That's an interesting reply! I'm not sure exactly how best to respond, though I feel there's something wrong.

One thing might be that it's not clear whether that's actually giving you infinite entries on your list of reasons, or just a single one. Like, if I can support my belief in P with a rule that describes how I would respond if you asked "why" and then how I'd respond if you asked "why" to my answer there, etc., then it just seems like my justification lies in the rule, not in each member of the chain.

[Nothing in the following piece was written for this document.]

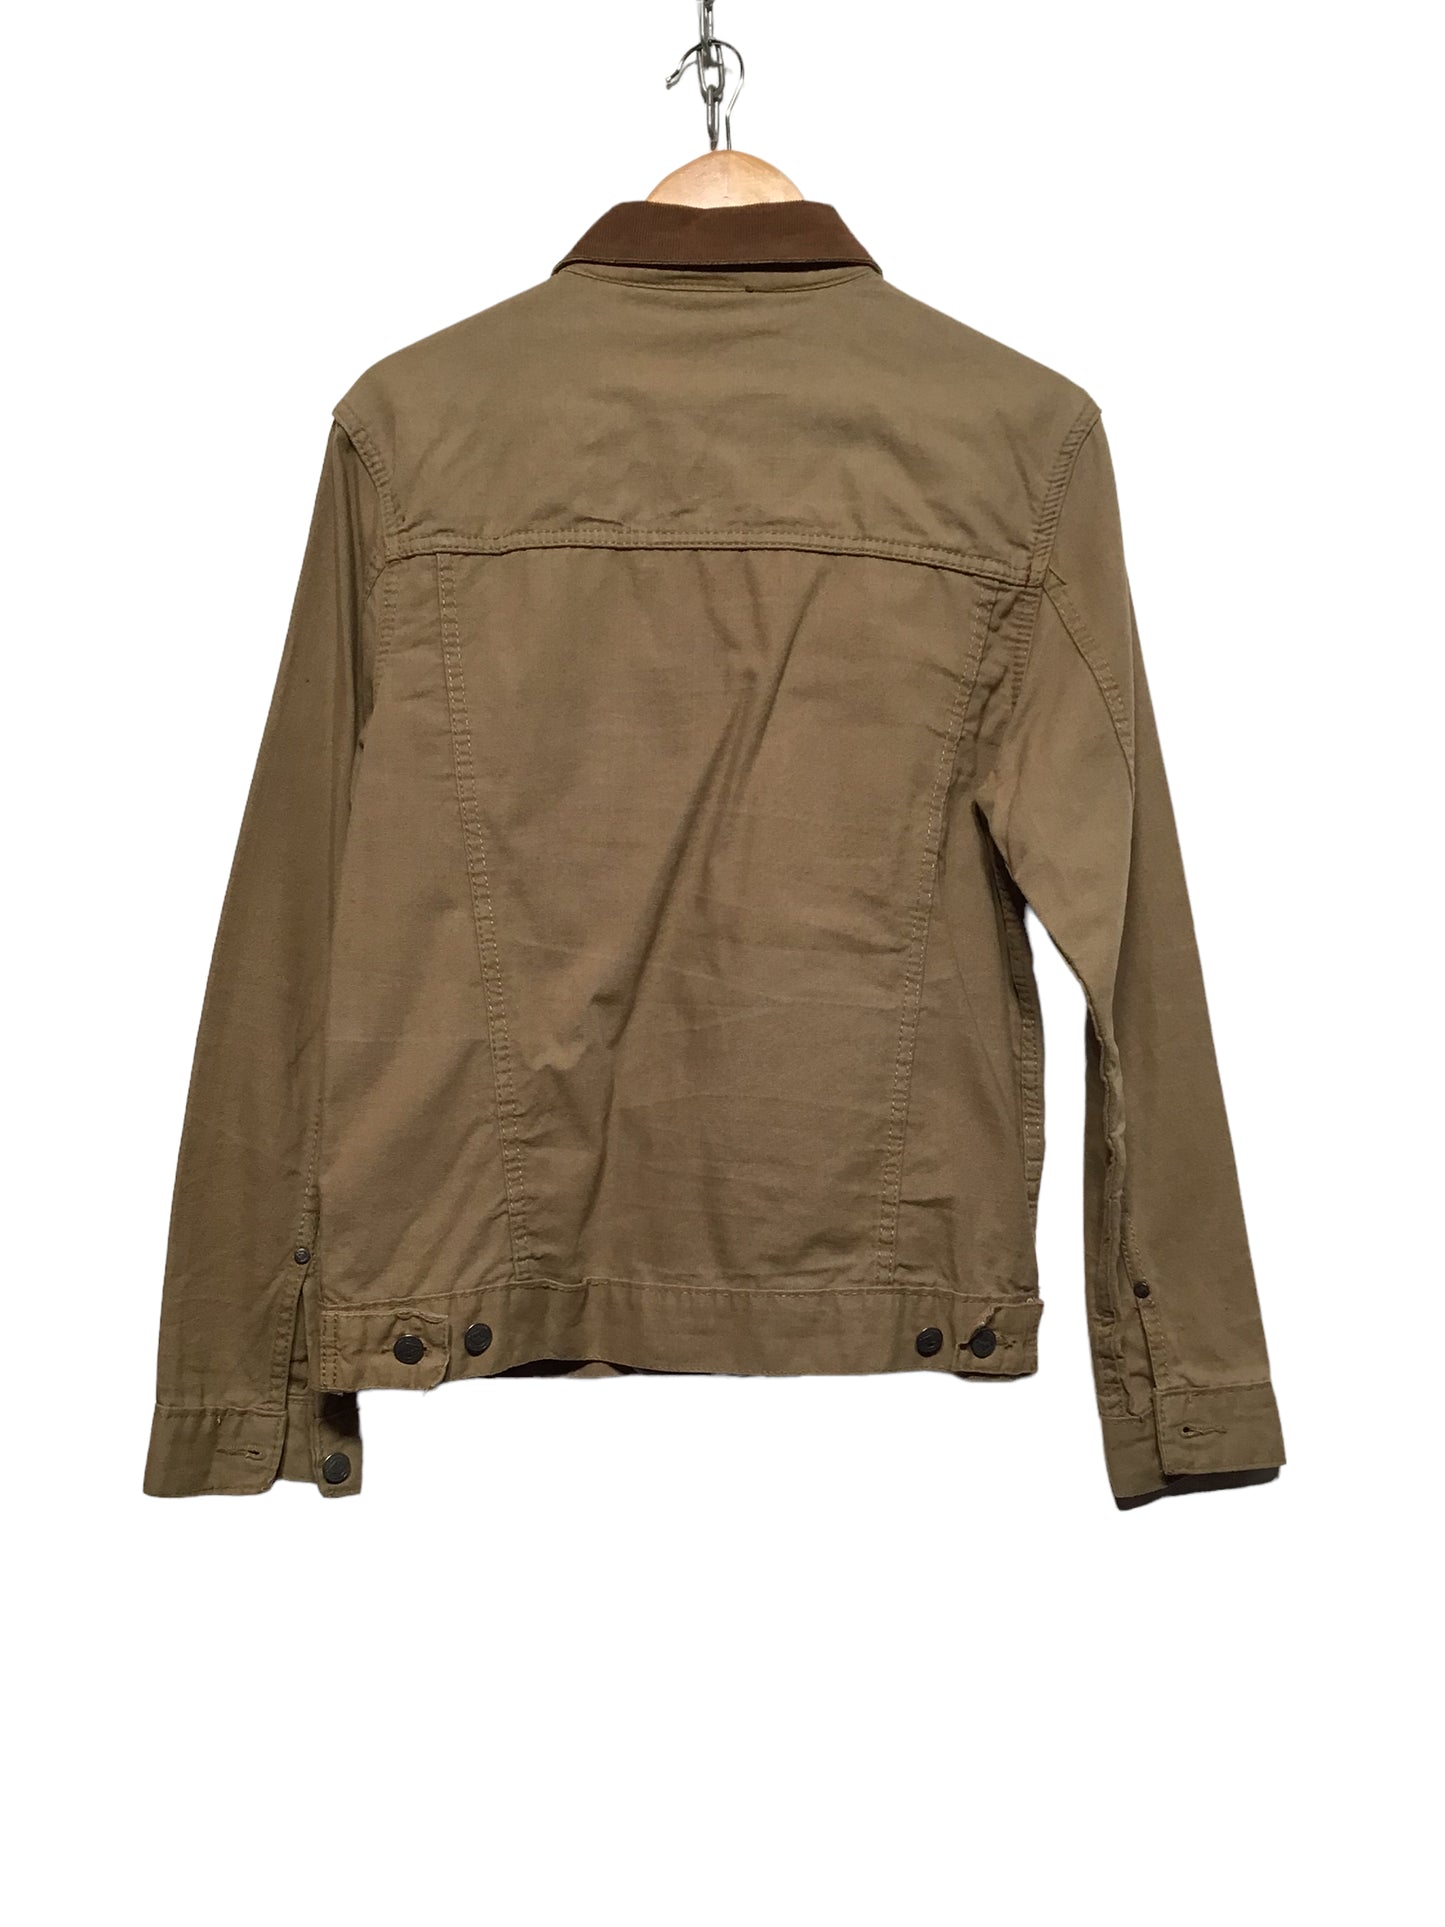 Lee Cooper Cotton Jacket (Size S)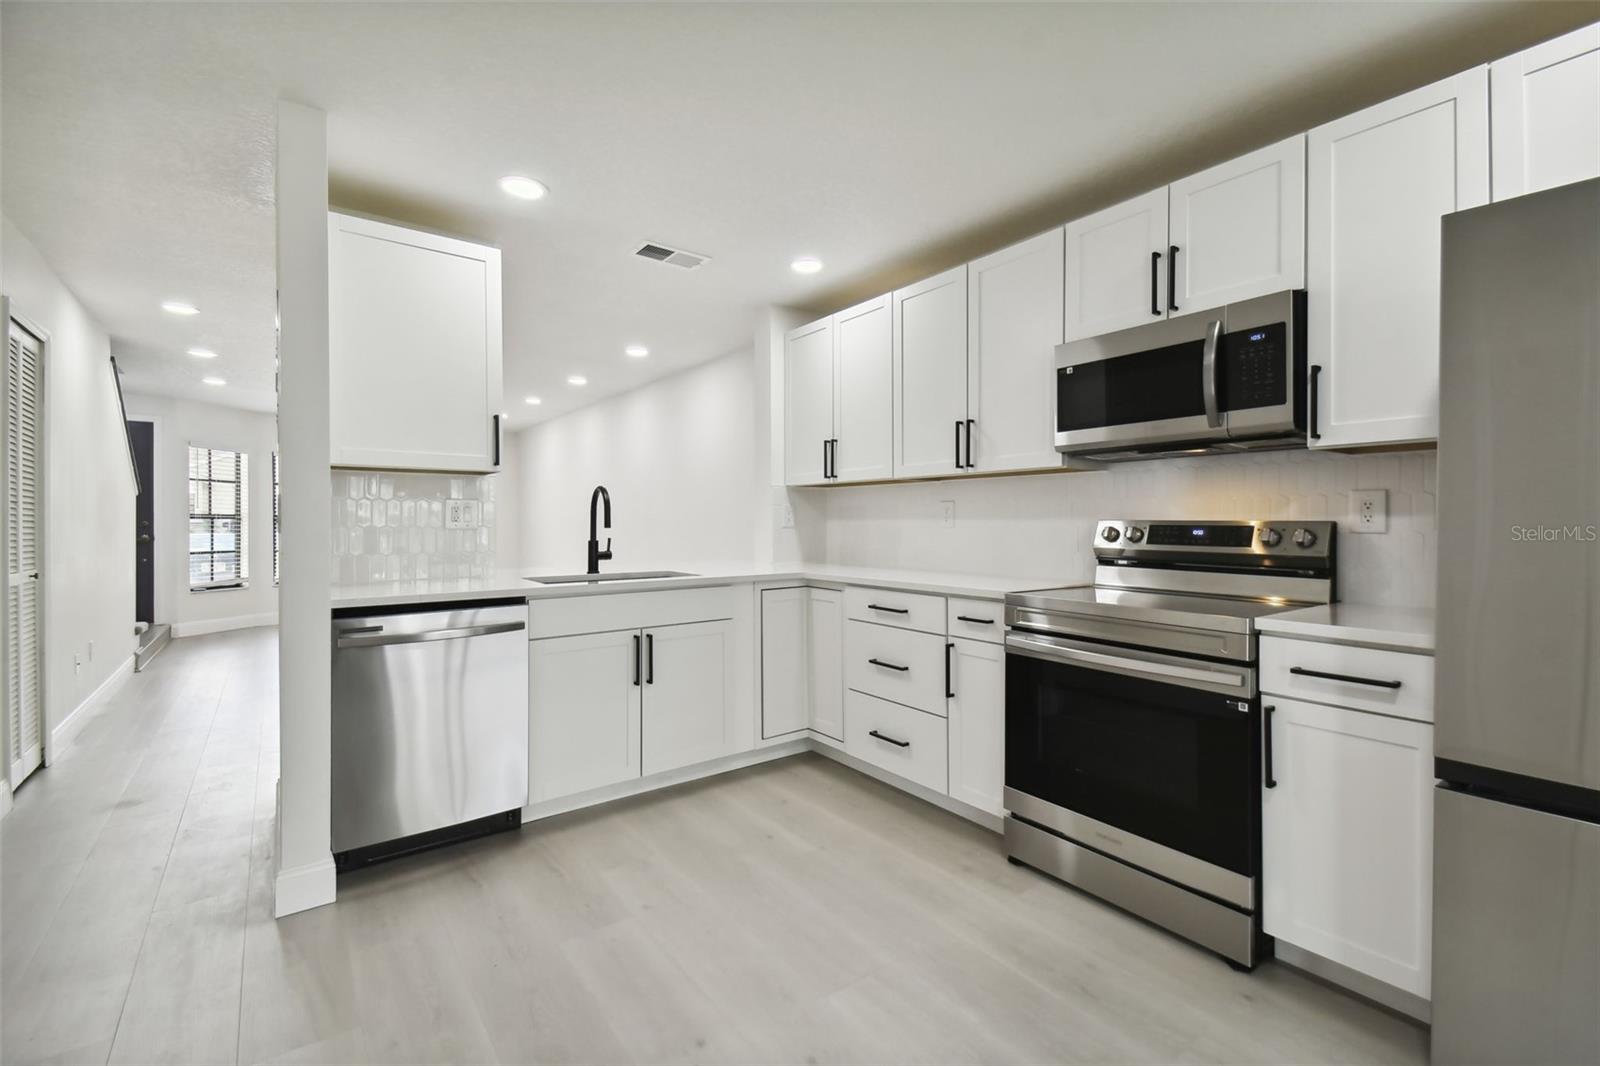 NEW Kitchen Cabinets, Quartz Countertops & Stunning Tile Backsplash!

It's hard to give an example, as I don't really even know what an infinite chain of justification would look like. But maybe something like this is close enough to be analogous: If you ask me to explain how I know there's an external world, and I argue that all the infinite possible alternative hypotheses would either predict my experiences less or have a lower prior, it seems like my justification comes from the argument itself, not from hypothesis A being worse than the real world hypothesis, hypothesis B also being worse, etc. ad infinitum.

Also it's not obvious that simply having the rule is strong enough for accessibility in the relevant sense. If I can give you a rule for how I'd respond, but then once you ask me for my reason number 159837382, my head would turn into a black hole if I tried to even think about it, I'm not sure I can use that reason for justification.

A final worry might be that the chain of justification is rarely ever going to be so straightforward. If you keep asking me "why" I doubt we'd ever get to a point where my answers simply followed a predictable pattern forever, so that you didn't need to ask me in order to be sure what I would answer. But that's maybe a separate argument.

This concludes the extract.